Davanti agli occhi di Fabio Capello, c.t. dell’Inghilterra, i nerazzurri
perdono (2-0) a Liverpool nell’andata degli ottavi, resistendo in 10 contro
11 per quasi un’ora, fino ai gol di Kuyt e Gerrard. Brutto infortunio per
Cordoba: nel ritorno, oltre a Materazzi, rischia di restare fuori anche lui.

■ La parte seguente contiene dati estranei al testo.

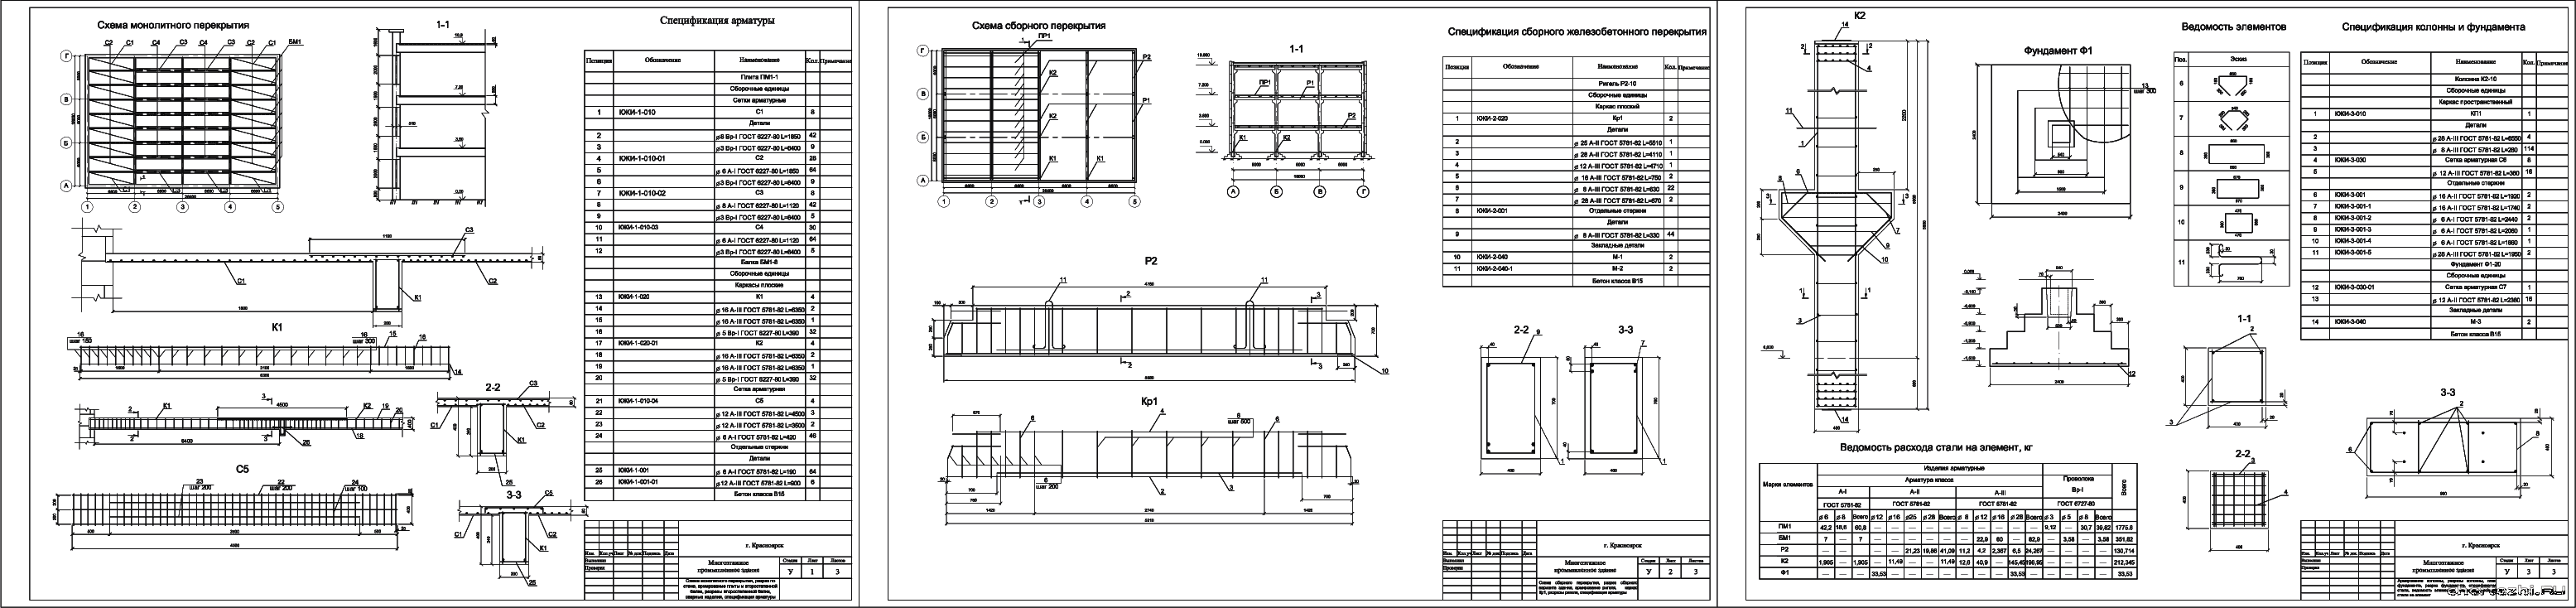 Курсовой проект - Проектирование железобетонных конструкций многоэтажного промышленного здания 26,4 х 18,0 м в г. Красноярск

Vieira parte dalla panchina. La formazione
è quella più scontata, con Chivu arretrato, Stankovic e Cambiasso nella metà
campo che ha Maxwell e Zanetti sugli esterni. La musica della Champions, per
una volta, non la sente nessuno. La Kop detta legge, ed è un canto che
intimorisce. L’inno sacro al popolo Reds viene ripetuto più volte, senza
sosta. Tanto per far capire ai nerazzurri di avere davanti una montagna da
scalare.
Benitez crea un muro in mezzo: Lucas e
Mascherano coprono Gerrard, Kuyt e Babel, i tre che rendono agile la manovra
dei Reds. Torres è l’unico riferimento offensivo, ma sui ribaltamenti
attaccano tutti, compreso Carragher, che al
3’
chiede il rigore per un tocco di braccio di Cordoba. Il primo quarto di gara
è in apnea: Kuyt attacca a sinistra, Babel dalla parte opposta. Martellano,
ma senza arrivare a Julio Cesar.
Difficile scavare un’intensità maggiore
dall’anima di una squadra apparentemente in crisi. De Bleeckere lascia
correre quando Mascherano maltratta Cruz, poi si fa inflessibile con l’Inter:
così Materazzi finisce fuori alla mezz’ora per due falli su Torres. La
partita si spacca in due. Chivu affianca Cordoba, Maxwell scala in difesa,
Stankovic passa da interno a perno laterale; le punte restano due. Scelta
coraggiosa.
In
45’ di
pressione i Reds impegnano Julio Cesar due volte, ma è routine per il
brasiliano. Cruz ha il compito di sacrificarsi per turare la falla a destra
fino a quando Mancini non inserisce Vieira. L’avvio del francese è da
brividi: rischia un rilancio e apre il campo a Torres, chiuso in angolo da
Julio Cesar (58’). Poi, dopo una zuccata di Hyypia, prende con la mano un
pallone alzato in area da Gerrard, facendo scoppiare di rabbia la curva
rossa.
Il monologo dei “Rafa boys” prosegue con
le discese di Finnan e i tentativi di Torres, che fa in tempo a esplodere
una cannonata da
25 metri
prima di lasciare il posto a Crouch. Vieira dà qualche segnale di risveglio
con una conclusione da fuori ma non è serata per l’Inter, perché dopo
l’espulsione di Materazzi “salta” pure Cordoba nell’azione che porta al tiro
Crouch (ginocchio, rischia un lungo stop). Un guaio che costringe Mancini a
un altro stravolgimento difensivo e a chissà quali alchimie per la gara di
ritorno.
E’ assalto ostinato, continuo, cattivo. I
nerazzurri non cedono un centimetro di campo e il conto degli angoli (11-1)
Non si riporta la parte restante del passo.